(Photos) Des saisonniers marocains pour sauver la clémentine corse

(Photos) Des saisonniers marocains pour sauver la clémentine corse




Le journal de l’Ile de Beauté, Corse-Matin, relevait en fin de semaine dernière que quelque 960 ouvriers agricoles marocains étaient attendus dans l’île de Beauté dans les prochaines semaines, pour sauver la récolte des fameuses clémentines corses et tailler les clémentiniers, grâce à un accord spécial entre les autorités françaises et marocaines.

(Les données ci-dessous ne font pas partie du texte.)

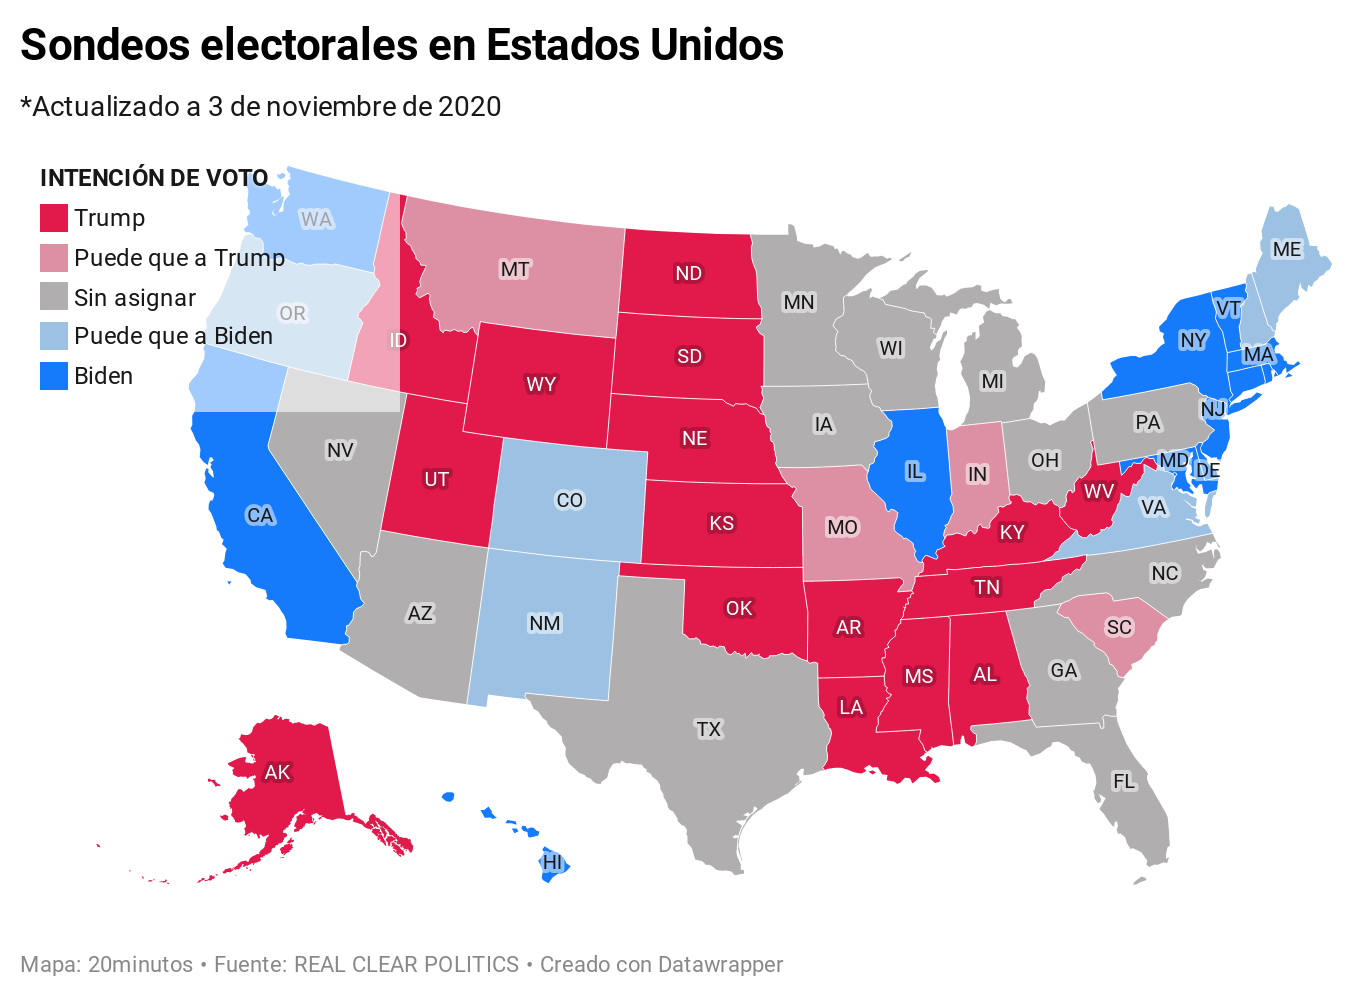 cómo van las encuestas para las elecciones presidenciales en estados

Le premier vol (TO1902 de Transavia Airlines en provenance de Casablanca), avec à son bord 152 Marocains, est arrivé vendredi, à l’aéroport Bastia-Poretta. « Ces hommes viennent travailler en Corse depuis des décennies, assure Simon-Pierre Fazi, le président de l’AOP Fruits de Corse.
Normalement leur voyage est une formalité. Mais avec la Covid-19, l’organisation a été colossale ». Le dispositif d’acheminement de ces ouvriers agricoles consiste à les transporter par avions au nombre de cinq du Maroc (Casablanca vers la Corse via la compagnie Transavia (low coast).
Un second vol est arrivé hier mercredi et trois autres sont attendus d’ici au 26 octobre. « Nous sommes la seule filière de France à avoir obtenu une dérogation pour organiser une telle opération », précise Simon-Pierre Fazi.




L’opération dans sa totalité (transports et logements) devrait en coûter 500 000 euros à la filière AOP clémentines et elle est chapeautée directement par le cabinet du Premier ministre français.
Tous les ouvriers agricoles avant que de s’en aller cueillir les clémentines dans l’est de l’Ile de Beauté vont être dépistés au départ sur le sol marocain et à leur arrivée dans l’île.
Dans l’attente des résultats, les ouvriers seront isolés pendant sept jours : « Ils pourront quand même travailler mais nous allons faire en sorte de ne pas les mélanger dans les champs, expliquait François-Xavier Ceccoli, président du Giec Corsica comptoir, principal producteur de la filière dans l’île. Les exploitants se sont également engagés à les loger dans des habitations individuelles. »




Les employés vont aussi être transportés en car de l’aéroport jusqu’aux exploitations. Le protocole spécial habituel est appliqué en cas de test positif. Un hébergement touristique a été mis à disposition pour accueillir les personnes en quarantaine.
Avec un chiffre d’affaires annuel de près de 80 millions d’euros et une filière qui représente 95 % de la production nationale, les clémentines font partie du patrimoine de la Corse. Mais surtout de son économie.
« Les postes de cueillette n’intéressent pas la population de l’île car les conditions de travail sont très difficiles. C’est aussi et surtout un vrai métier. Très technique. Loin du passe-temps ou du job en extra », explique le président du Giec Corsica.




« Les postes de tailleurs nécessitent un véritable savoir-faire. Une coupe ratée sur un arbre peut perturber la production sur trois ans ». Voilà pourquoi les producteurs corses travaillent avec les mêmes employés depuis des années.
« Ils sont payés autour du smic, soumis au régime des heures supplémentaires et nous mettons gratuitement à disposition un logement ce qui leur permet d’épargner. C’est un système gagnant-gagnant ».
C’est une vraie épine qui se retire des pieds des producteurs corses ! La pandémie de coronavirus menaçait sérieusement la récolte de clémentines corses de cette année. Les cueilleurs devraient rester deux mois tandis que les tailleurs quatre mois. La récolte a débuté cette semaine.